Example of Bayesian inference in practice. Rather than reporting a single conversion rate, I report the conversion rate with an uncertainty estimate calculated using the Bayesian posterior. This allows one to easily visualize whether or not differences in conversion are significant.
This simulation shows how additional observations affect the uncertainty estimate. The more we observe, the tighter the posterior distribution is centered about the true bias.
Using Python, I backtested pre-earnings straddles over six years, analyzing options trading data to assess profitability. The findings indicate that pre-earnings straddles are generally not profitable, but may yield positive returns for specific indices over certain timeframes.
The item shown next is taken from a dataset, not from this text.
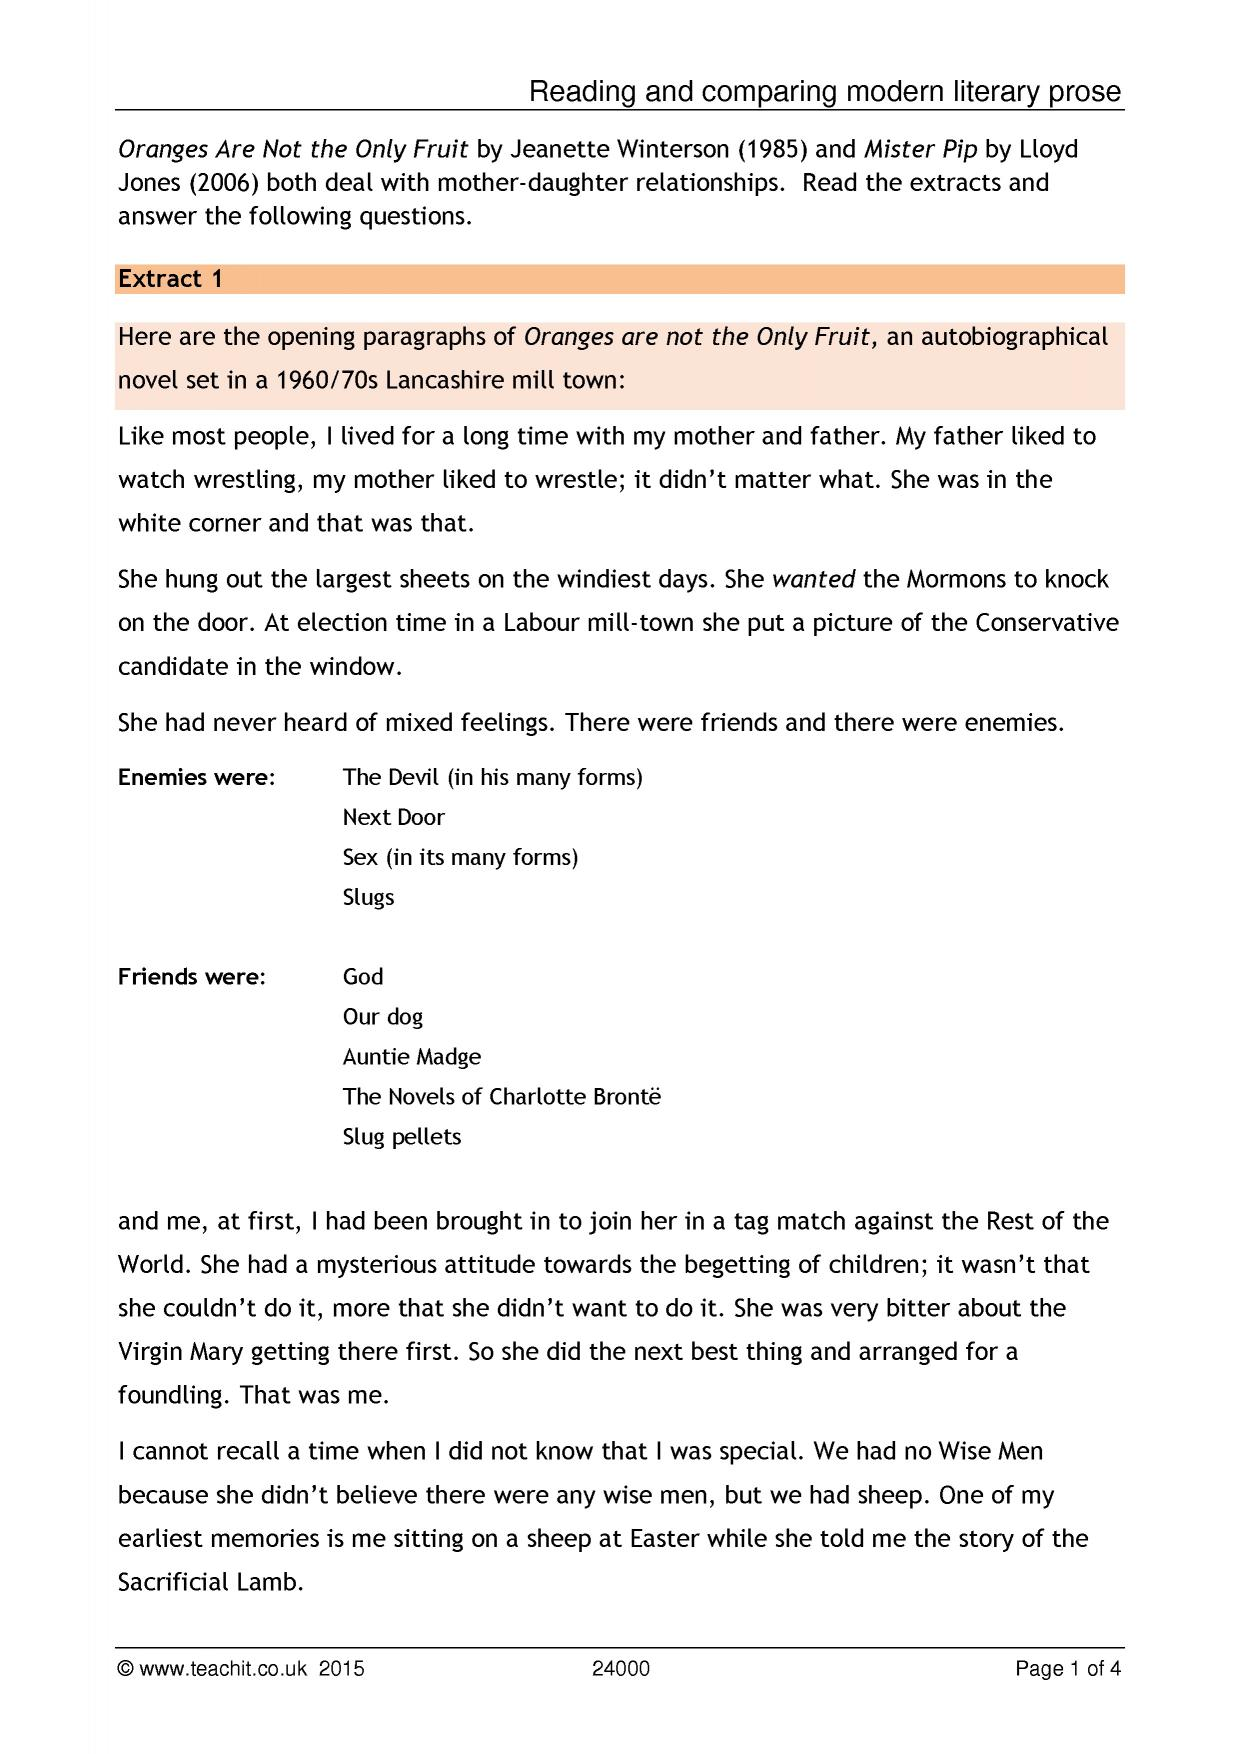 Euphemism Worksheets For High School Image Mag Euphemism

For instance, I demonstrate that a composite index of the DOW 30 + NASDAQ 100 has an average return of +2.12% per straddle from 2012-2018. However, I also show that the underlying distribution lacks stationarity and small changes in the index can lead to losing outcomes, leading to the conclusion that this is not a reliable trading strategy.
Pre-earnings straddle results for FANG stocks from 2013-2018. These four stocks show large gains using a pre-earnings straddle but they suffer from post-selection bias and are not representative of the strategy as a whole.
I find average returns of +2.12% over a six-year time frame for the composite DOW 30 + Nasdaq 100. However, these results do not generalize.
Observed win percentage (blue) compared to a binomial distribution (orange) with the same aggregate statistics. A Kolmogorov-Smirnov (KS) test shows the probability that the two distributions are drawn from the same underlying distribution to be 0.0023.
The goal of this project is to assign metadata to marketing campaigns within Adobe Analytics. Previously, campaign information was stored locally in our data warehouses but was unavailable in Adobe Analytics. This project synchronizes these two data sources, enabling us to easily build reports on the fly in Adobe Analytics using our internal campaign data.
An example of a breakdown in Adobe Analytics that utilizes the metadata implemented in this project. Notice that we are able to view each step in our signup flow using user-defined metrics, such as Marketing Manager and Name. This ability to assign marketing campaigns metadata based on user-defined properties is crucial for achieving alignment between Marketing and Finance.